After leading culinary operations for various private schools in Macon, Nowell joined Morrison Healthcare. Nowell started at Atrium Health Navicent as a senior executive chef, then moved into a regional executive chef role overseeing culinary excellence for Atrium Health facilities in Georgia and North Carolina. In December 2022, Nowell transitioned to his role as head of the nutrition department at Atrium Navicent Health The Medical Center.

Nowell said his long-term goals align with the goals he’s had throughout his life — changing perceptions of food and bringing people joy.
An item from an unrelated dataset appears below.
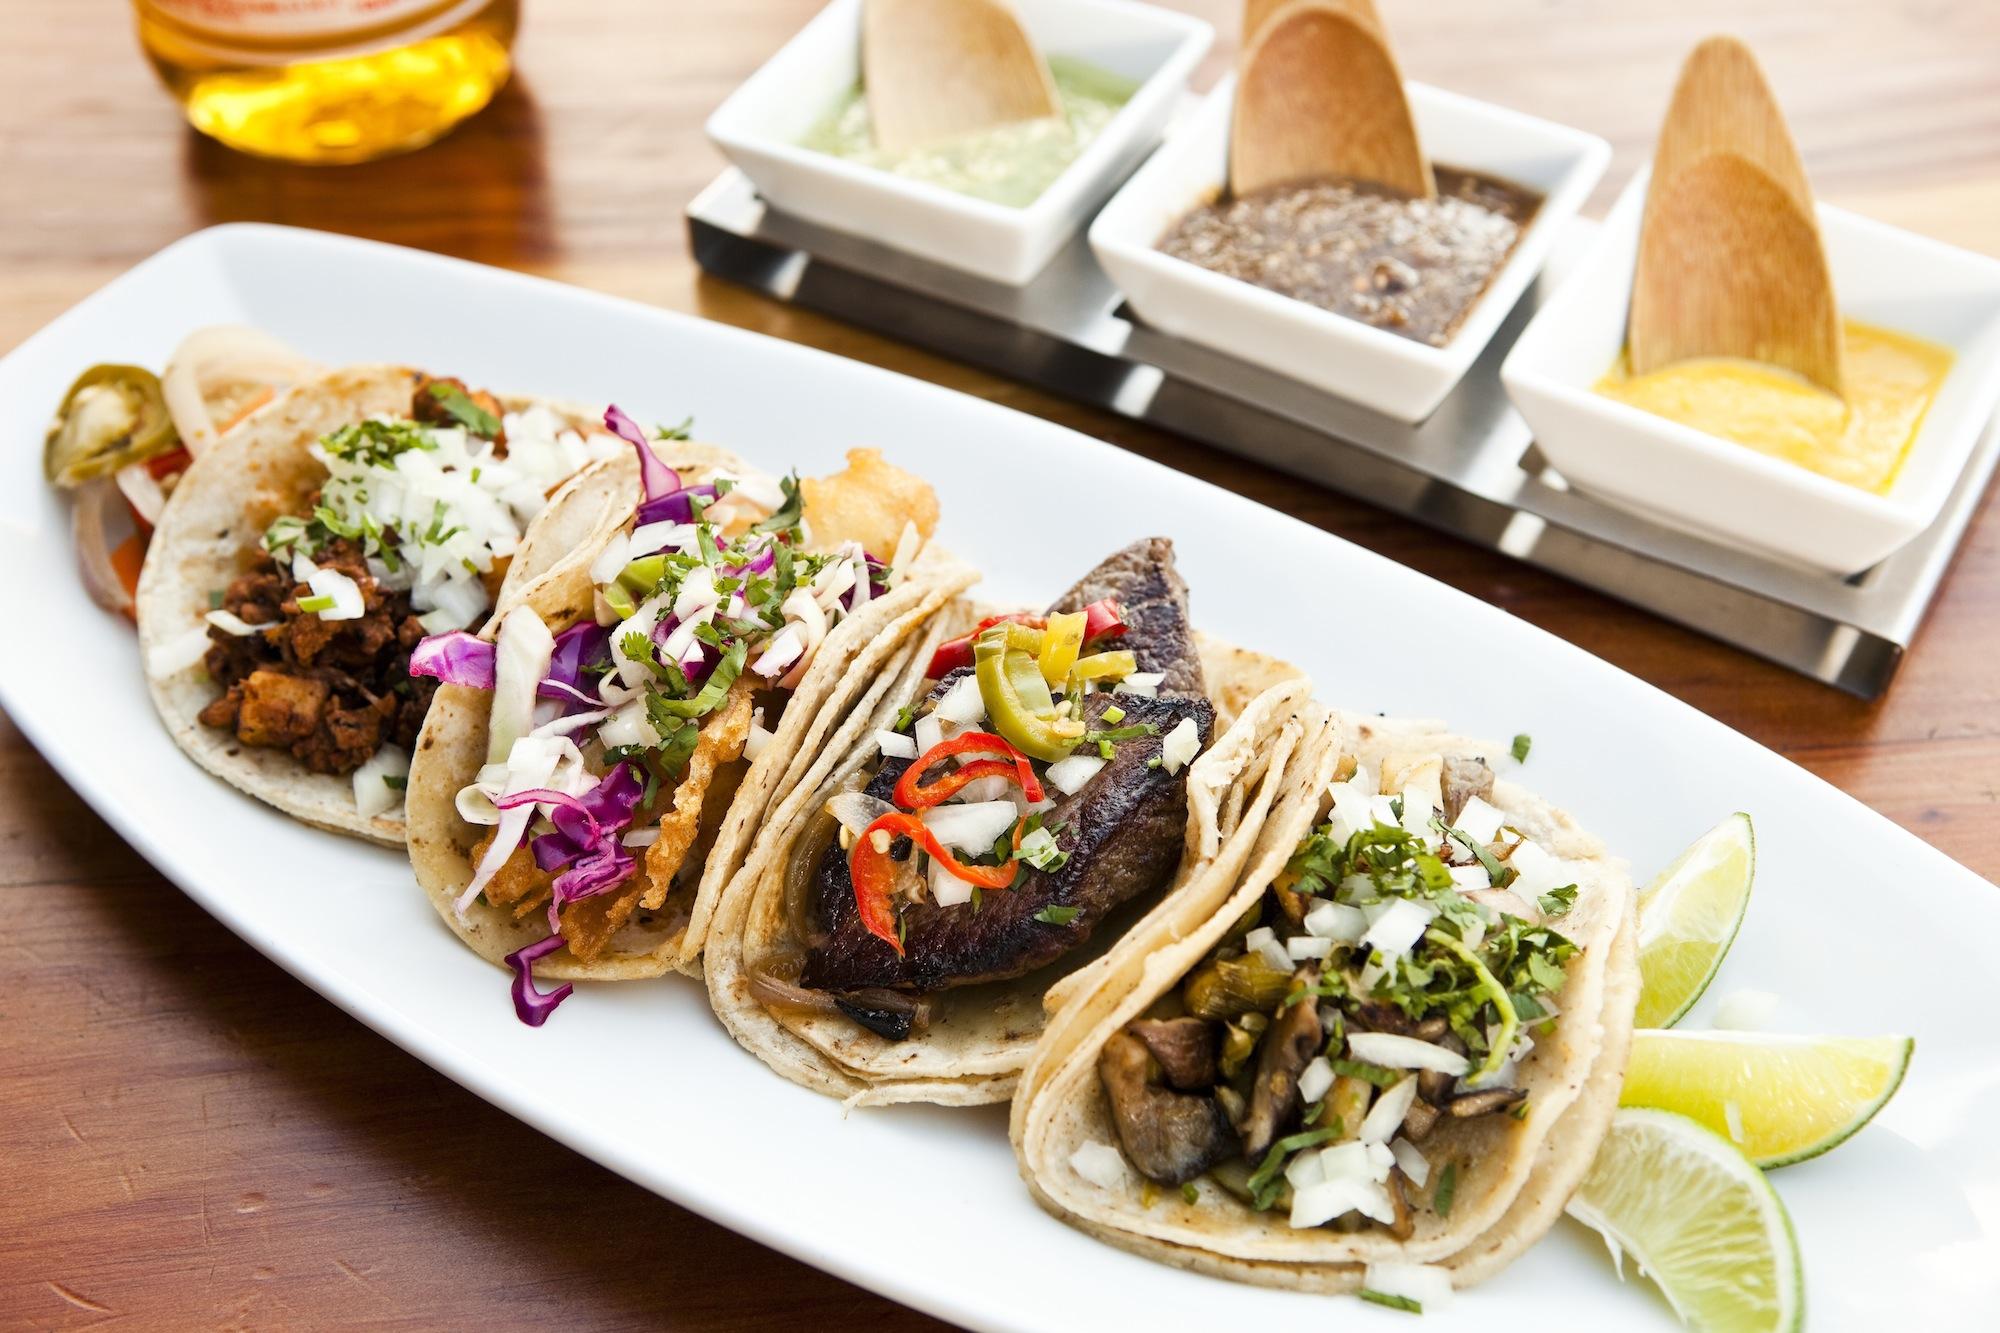 Taco plate at Tacolicious restaurant in San Francisco, CA.

“For the next two years, I really want to work to increase the quality of food here and change people’s perceptions of what hospital food is. We are part of the circle of care just like nurses and doctors are. Everyone has a role in getting patients better and back home,” he said. “We can serve healthful and nutritious meals, but they also need to be tasty. We are hoping to elevate that to continue our part in getting patients get back home to their families and in better condition than when they got here.”

Despite his busy role in management, Nowell said he still makes time to sneak into the kitchen.

“Occasionally I’ll go back there and whip something up in the kitchen and get in their way,” Nowell said. “But what I’ve found in my career — after working as a pastry chef, executive chef, regional executive chef — is that while that’s fun, I realize my gift is in coordinating and logistics and helping make sure we are aligned with a common purpose. We have excellent chefs here at the hospital. To give them guidance in culinary skills is great, but to help them see the bigger picture is even better.”

Clearly, Nowell’s success in his role is not just because of his love for cooking, it’s also because of his passion for serving his community.

“I don’t always have time to reflect on it, but I came from humble beginnings. I was born upstairs, grew up in Macon, and found my way back. Macon has a special place in my heart,” he said. “It’s been an honor, a privilege, and a joy to be able to give back to the community that’s helped raise me and have a part in bringing a little bit of joy and comfort to all the patients that come through our doors here.”